For cosmic drama, nothing should beat a supermassive black hole. It weighs millions, or even billions of times as much as the Sun; it eats stars whole with no apparent difficulty (although it does sometimes burp); it heats up surrounding gases to such insane temperatures that you can see the glow halfway across the universe; and perhaps best of all, it gives Stephen Hawking something to theorize and argue about.
For all that, it turns out that something does beat a giant black hole: two giant black holes, especially ones circling each other like wary Sumo wrestlers getting ready to grapple. Such things are by no means unheard of: just about every galaxy has a supermassive black hole lurking at its core, and when two galaxies merge, as they often do, their central black holes orbit each other in an ever-tightening dance, and in many cases they eventually coalesce into one. When that happens, says General Relativity, they should trigger ripples in the fabric of spacetime itself, in the form of so-called gravitational waves that Einstein predicted, but that no one has yet detected directly.
Such a merger hasn’t ever been seen, but astronomers have just announced the discovery of the next best thing: a pair of supermassive black holes orbiting each other more closely than any ever before observed. Other twin black holes won’t merge for another few billion years, but these, says Caltech’s George Djorgovski, co-author of a paper in Nature describing the new discovery, “could merge in a mere million years.”
That still sounds like a long time, but it means the two black holes are virtually on top of each other—on a cosmic scale at least. If one were sitting in the Sun’s position, the other might be as close as the Oort Cloud of comets that sits at the edge of the Solar System. That’s crucial: astrophysicists don’t really know what happens in the last stages of the spiraling-in process—it’s known as the “final parsec problem,” a parsec being a bit over three light-years. And these two are very much in the thick of it.
Djorgovski and his colleagues hasten to say they haven’t seen the black holes as individual objects: instead, they’re looking at the bright spot of light that marks the “accretion disk” of superheated gas that often surrounds black holes. Accretion disks flicker sometimes, as new gas is pulled in, but in the case of this object, known as PG 1302-102, the flicker is periodic, waxing and waning over a period of about five years.

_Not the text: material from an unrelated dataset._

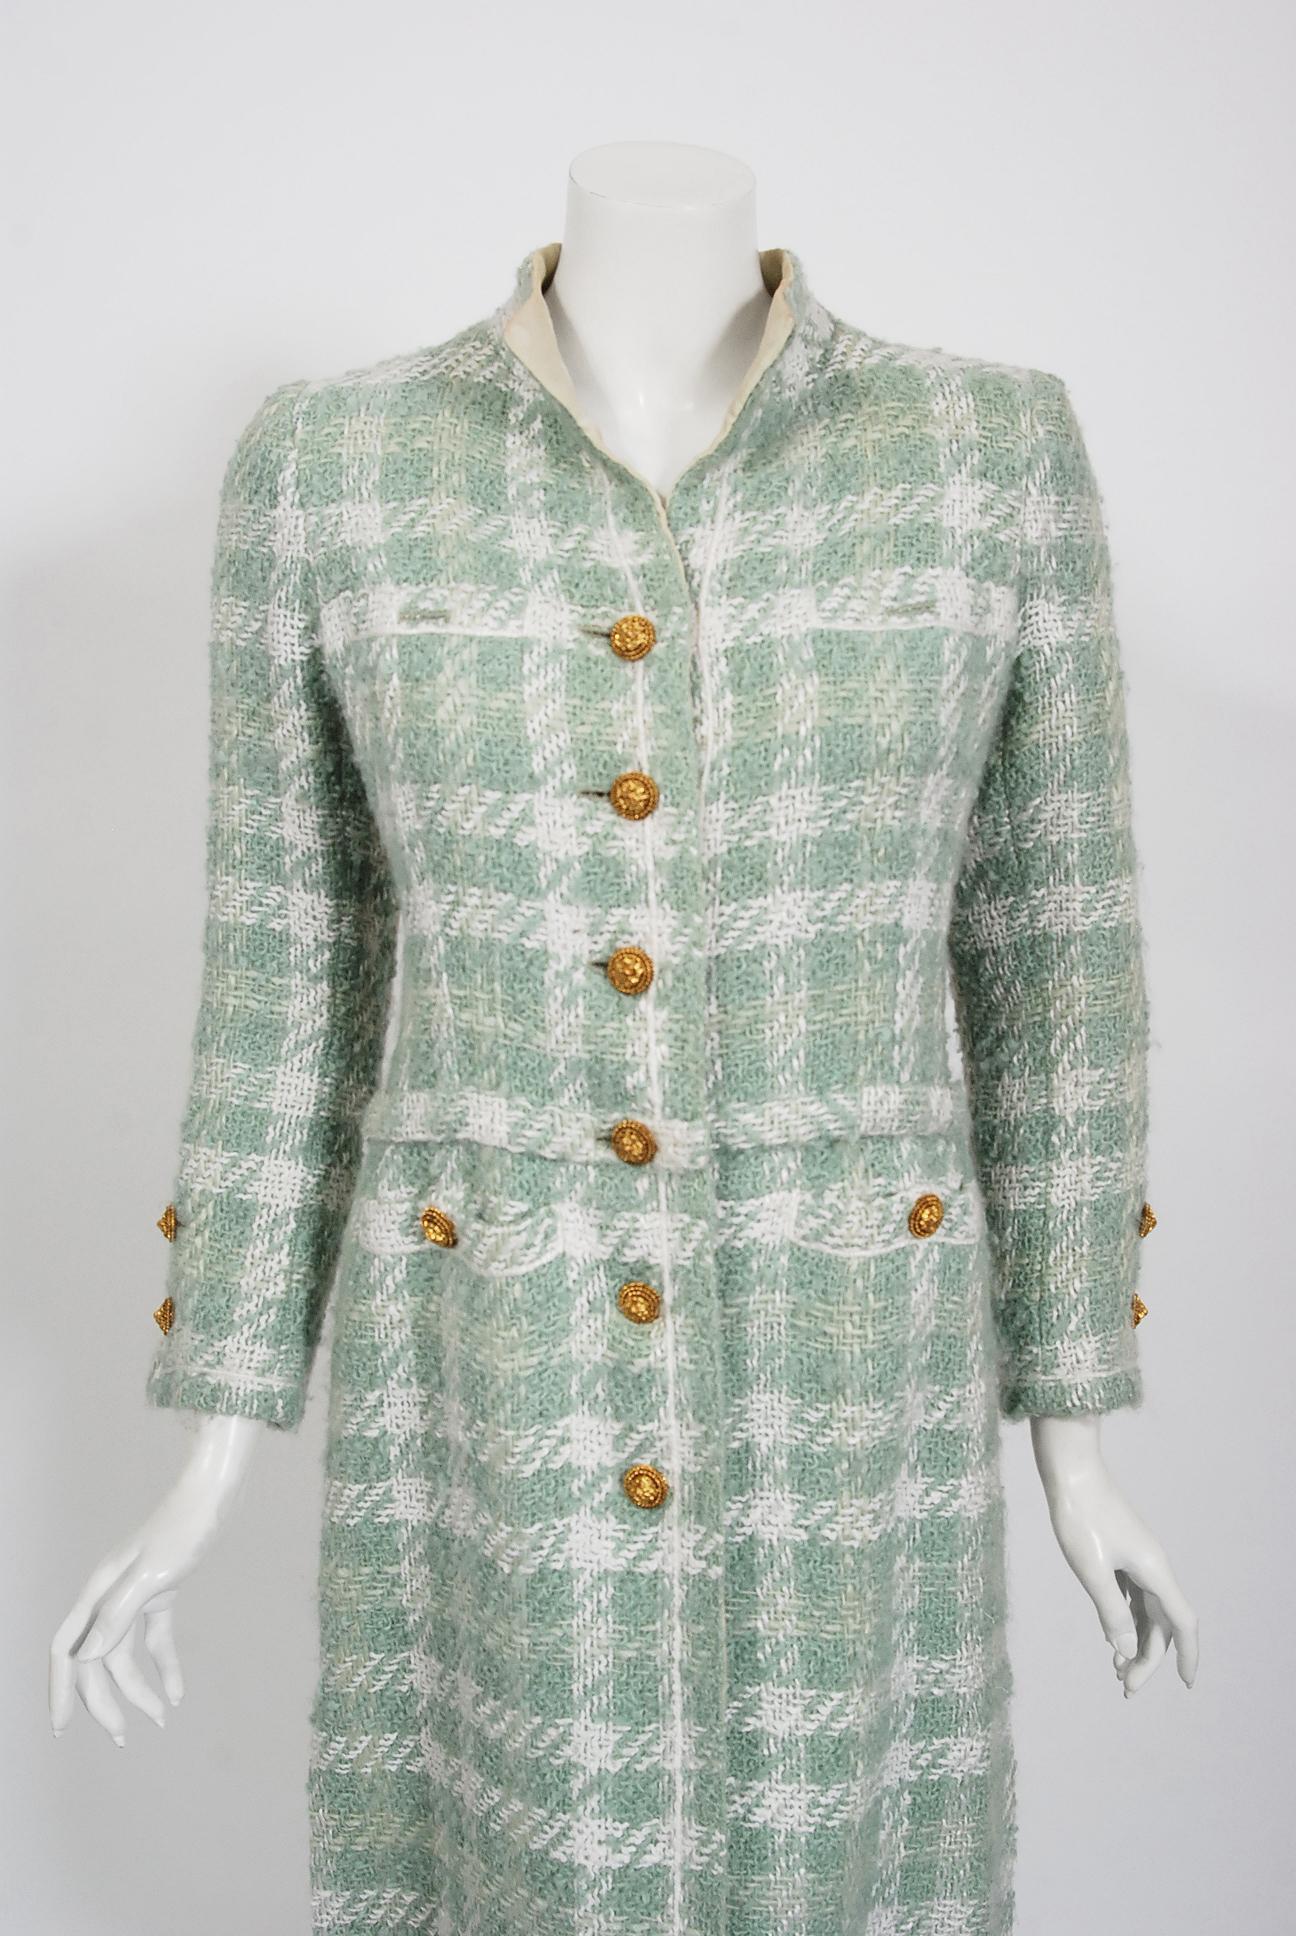 Chanel is known to be one of the most luxurious and decadent fashion houses in the world. This breathtaking seafoam green boucle plaid wool coat from their 1973 haute couture fall-winter collection is a perfect example of why this couture brand has

That’s the telltale sign that two objects are involved: one of the black holes’ accretion disks may be warped somehow by the gravity of the other, causing a hot spot that flashes us as it rotates into view.
What the astronomers are hoping for now is to find more examples like this. They have some 20 candidates already, and the more twin black holes they can find that are in tight orbits, the better they can understand what’s really going on. We may not be around to see PG 1302-102’s final collision—if it ever takes place—but somewhere out there, two black holes may be even closer to tangling.